Deux années « volées »
« Durant deux ans, on m'a assuré que je n'étais pas malade donc je ne me suis pas considérée comme telle, ne demandant aucune prise en charge. C'étaient pourtant deux ans de fatigue, avec des symptômes divers qui n'ont pas été reconnus, qu'on m'a volés », regrette-t-elle. Une errance « très injuste », accuse-t-elle, qui lui a coûté son autonomie. « Aujourd'hui, j'ai besoin d'aide au quotidien pour lire mes mails, faire des courses, écrire des courriers, me déplacer... L'impact au long-cours est très conséquent, violent, quand le diagnostic n'est pas posé rapidement. » En effet, « si la neuromyélite optique n'est pas prise en charge, 50 % des patients seront dépendants d'un fauteuil roulant ou développeront un handicap visuel sévère avec le temps », pointe une étude iranienne publiée dans la revue scientifique internationale Clinical Medicine, en 2019*.
Une association pour informer et fédérer
« Lors de l'annonce diagnostique, ma première question a été : 'Est-ce qu'il existe une association dédiée ?' Réponse : non. Je me suis sentie très seule », confie Souad. C'est aux Etats-Unis que la jeune femme trouve du soutien. En se rendant à un congrès, elle entend le témoignage d'une présidente d'association qui confie que la neuromyélite optique « lui fait peur, très peur ». « Ça m'a rassurée et m'a fait du bien car je me suis autorisée, moi aussi, à avoir peur, explique Souad. S'autoriser à ressentir ce type d'émotions, c'est capital. »
De retour dans l'Hexagone, elle décide de créer l'association NMO France, qui vise à informer et rassembler les personnes touchées par les maladies du spectre de la NMOSD, ainsi que d'autres pathologies inflammatoires rares du cerveau et de la moelle épinière comme celle du spectre des anticorps anti-MOG (MOGAD), la myélite transverse, l'encéphalomyélite aiguë disséminée (EMAD) et la névrite optique (NO). Ces pathologies auto-immunes se caractérisent par des poussées sévères et récurrentes correspondant à des symptômes neurologiques pouvant provoquer la cécité, une paralysie, voire le décès. « Pour certaines, la distinction avec la sclérose en plaques n'a été faite que récemment, grâce aux progrès technologiques permettant un diagnostic spécifique », explique la présidente d'association.
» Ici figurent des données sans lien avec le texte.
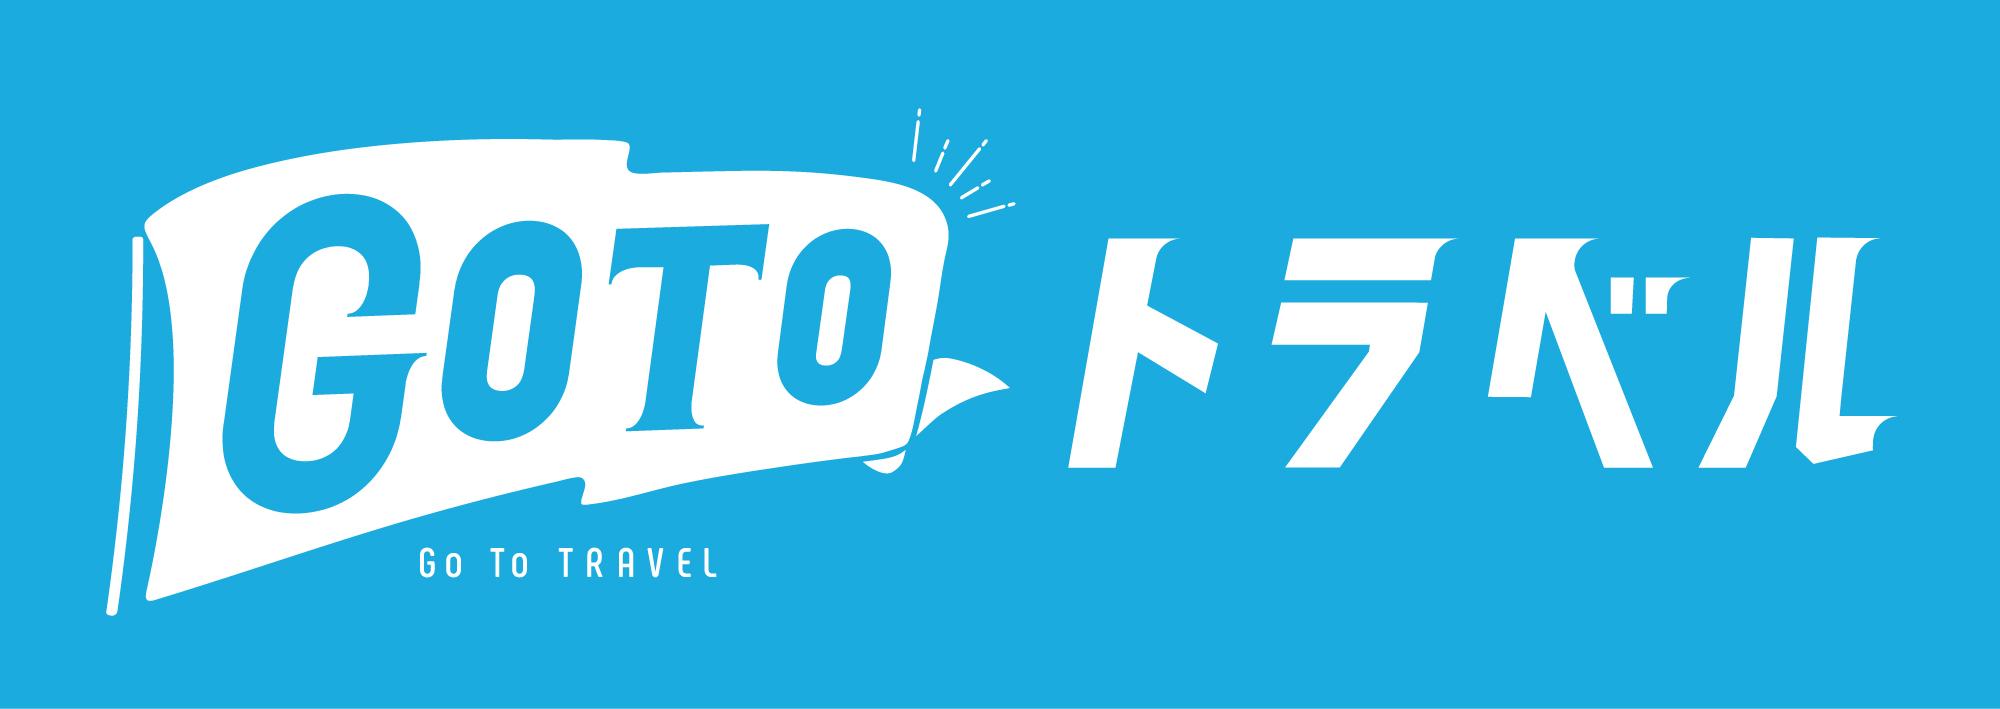 緊急事態宣言に伴う全国的な旅行に係る Go To トラベル事業の取扱いについて(2021年3月6日)

Ne pas confondre avec la sclérose en plaques
Selon une étude internationale de 2019 (2), 41 % des patients souffrant de NMOSD ont déclaré avoir reçu un diagnostic initial de SEP, ralentissant ainsi leur prise en charge. Pourtant, plusieurs facteurs permettent de faire la différence. Les personnes atteintes de SEP ont par exemple une meilleure récupération post-poussées et sont toujours séronégatives aux anticorps AQP4 tandis que celles touchées par le NMOSD y sont, dans 80 % des cas, séropositives et présentent des atteintes permanentes du système nerveux central. « L'autre danger, c'est que les traitements de la SEP peuvent être inefficaces contre les NMOSD et même les exacerber », explique l'entreprise pharmaceutique Horizon Therapeutics qui organisait une conférence sur le sujet le 26 octobre 2022.
Impacts sur la santé physique et mentale
C'est, en moyenne, à 40 ans que les premiers symptômes de la NMOSD apparaissent. 75 % des personnes touchées affirment ressentir des douleurs, qui sont parfois d'une telle intensité qu'elles provoquent une dépression dans 40 % des cas. Les conséquences vont donc bien au-delà de l'impact clinique... Selon une étude britannique publiée en 2017, 60 % des patients signalent un « impact significatif sur leur travail, leurs activités physiques et leur capacité à réaliser certaines tâches en permanence ou presque ». De même, 54 à 57 % présentent une certaine forme de déficience cognitive, 55 % de la fatigue, sans compter les problèmes vésicaux et intestinaux et les dysfonctionnements sexuels. « Aujourd'hui, pour assurer la prise en charge la plus optimale possible dès la première poussée, l'enjeu du diagnostic précoce est la clé ! », insiste Horizon Therapeutics.
Bientôt un traitement efficace ?
L'autre « clé », c'est le développement d'un traitement efficace. A ce sujet, Horizon Therapeutics vient d'annoncer de nouvelles données provenant de deux analyses de l'essai pivot de phase 3 d'Uplizna, un anticorps monoclonal, présentées lors du 38e congrès du Comité européen pour le traitement et la recherche sur la sclérose en plaques, qui s'est tenu du 26 au 28 octobre 2022 à Amsterdam (Pays-Bas). L'étude démontre comment cette solution à diluer dans une perfusion s'attaque « efficacement et distinctement » aux causes sous-jacentes de la maladie, ayant un puissant effet sur le contrôle des poussées. Des données « importantes », selon Horizon Therapeutics, qui permettent aux professionnels de santé de prendre des décisions thérapeutiques plus précises pour leurs patients atteints de NMOSD ».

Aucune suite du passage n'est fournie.